Once the hash file is created you can use the hash file as a look up(specifying the same file name in input and output) subsequently based on the key value you can pass the corresponding value to destination database.

Regards,
Akumar1

sh.bangash wrote:Hi Gurus,

This may sound very basic one to you; but as it is said a thousand miles journey starts with a single leap, so is case with me:

By now, I know what hashed files are; for what purpose we use these. But, I need to know,
1.How do we populate these hashed files first time, for example If i have a text file containing list of countries and thier dialing codes as primary key, how to delcare or say in ADS Designer that this is a hashed file which is source for all lookup of dialing codes against the country name.
2. Secondly, how to use it for the lookup purpose in a server job.

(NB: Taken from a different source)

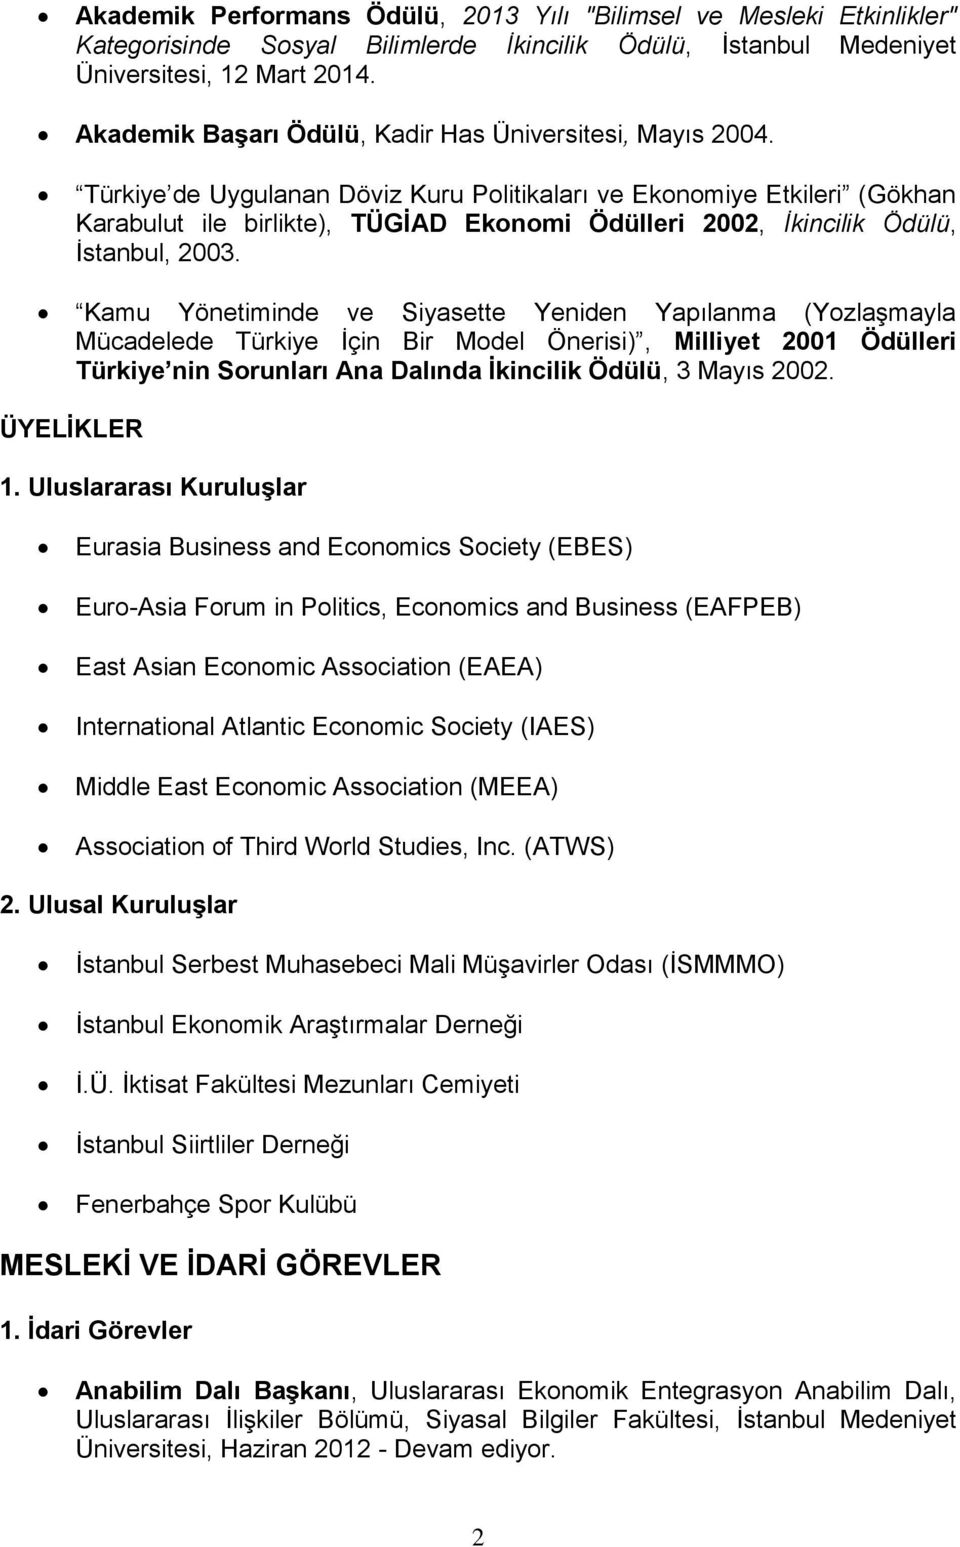 Türkiye de Uygulanan Döviz Kuru Politikaları ve Ekonomiye Etkileri (Gökhan Karabulut ile birlikte), TÜGİAD Ekonomi Ödülleri 2002, İkincilik Ödülü, İstanbul, 2003.

I hope you will help me in taking a single leap to cover a thousand miles journy of ADS.

Regards,
Shahid.
sh.bangash
Participant
Posts: 15
Joined: Wed Aug 01, 2007 5:23 am
Location: Islamabad

Re: Using Hashed Files

Post by sh.bangash »

Hi Kumar,
Thank you for the response; but my question is what steps do I need to take to convert/make a text file to hashed file; and then using it as a source for doing lookups?

Thanks,
Shahid.
Akumar1 wrote:You need to create the hash file for populating it with data.
Once the hash file is created you can use the hash file as a look up(specifying the same file name in input and output) subsequently based on the key value you can pass the corresponding value to destination database.

Regards,
Akumar1

sh.bangash wrote:Hi Gurus,

This may sound very basic one to you; but as it is said a thousand miles journey starts with a single leap, so is case with me:

By now, I know what hashed files are; for what purpose we use these. But, I need to know,
1.How do we populate these hashed files first time, for example If i have a text file containing list of countries and thier dialing codes as primary key, how to delcare or say in ADS Designer that this is a hashed file which is source for all lookup of dialing codes against the country name.
2. Secondly, how to use it for the lookup purpose in a server job.

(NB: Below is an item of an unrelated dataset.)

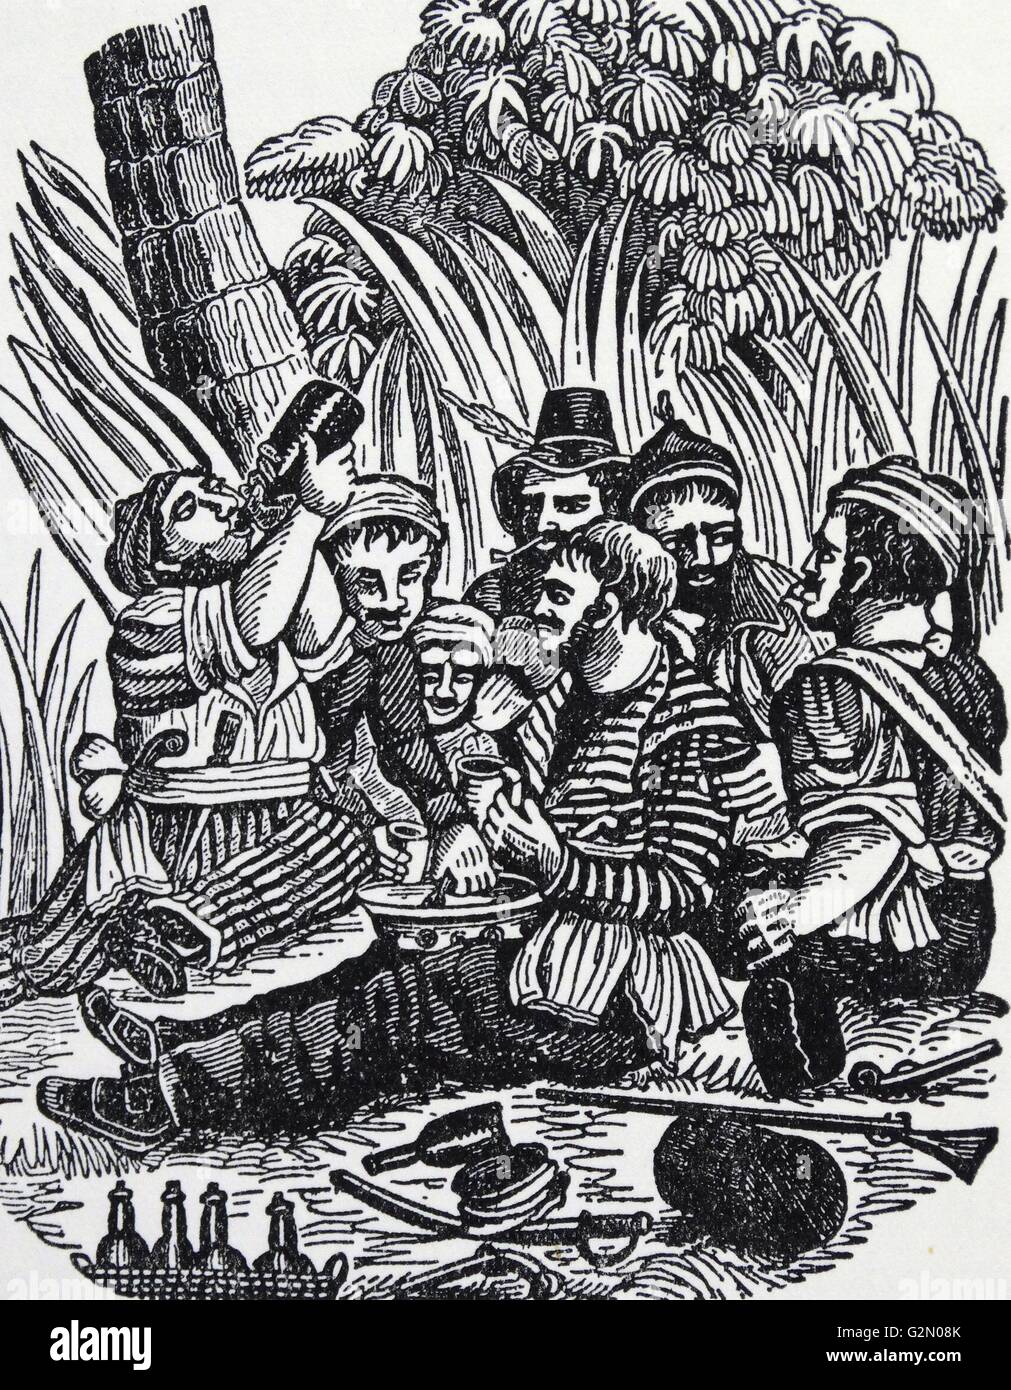 Bartholomew Roberts (17. Mai 1682 - vom 10. Februar 1722), geboren John Roberts, war ein Waliser Piraten, Schiffe aus Nord- und Westafrika zwischen 1719 und 1722 durchsucht. Bartholomew Roberts' Mannschaft am Calabar River Trinkgelagen. Die meisten der Crew waren betrunken, als die Schwalbe erschienen. Stockfoto

I hope you will help me in taking a single leap to cover a thousand miles journy of ADS.

Regards,
Shahid.
Shahid.
ray.wurlod
Participant
Posts: 54607
Joined: Wed Oct 23, 2002 10:52 pm
Location: Sydney, Australia
Contact:

Post by ray.wurlod »

1. DataStage will automatically create the hashed file, or you can specify that it does so by checking the "Create file" check box in the hashed file stage that populates it.

2. The Hashed File stage is on the upstream end of a reference link that is input to a Transformer stage. The Transformer stage includes a reference key expression that supplies the value to be looked up as the key of the hashed file (this can be more than one column, in which case there is more than one reference key expression in the Transformer stage).

Akumar1, it's hashed file, not hash file.
IBM Software Services Group
Any contribution to this forum is my own opinion and does not necessarily reflect any position that IBM may hold.
sh.bangash
Participant
Posts: 15
Joined: Wed Aug 01, 2007 5:23 am
Location: Islamabad

Post by sh.bangash »

Hi,
Here i list steps that I have taken to create a server job that uses hashed files, but is not working properly.

1. I dropped an ODBC-stage and cofigured it to get data from sql-server database table authors.
2. Linked it to a transformer which is actually to do a lookup of author contry code and get country name based on country code matching between author table and author_country hashed file.
3. I dropped a hashed file on canvas and linked it to transformer stage.
I configured it as on output tab:
a. Use directory path : d:\acensial\mydata
b. File Name: Authors_codes.csv
4. I configured the transformer stage to lookup author country name from hashed file on the basis of Author.Country_Code=Country.Country_Code

5. I linked the result of transformer to a sequential file.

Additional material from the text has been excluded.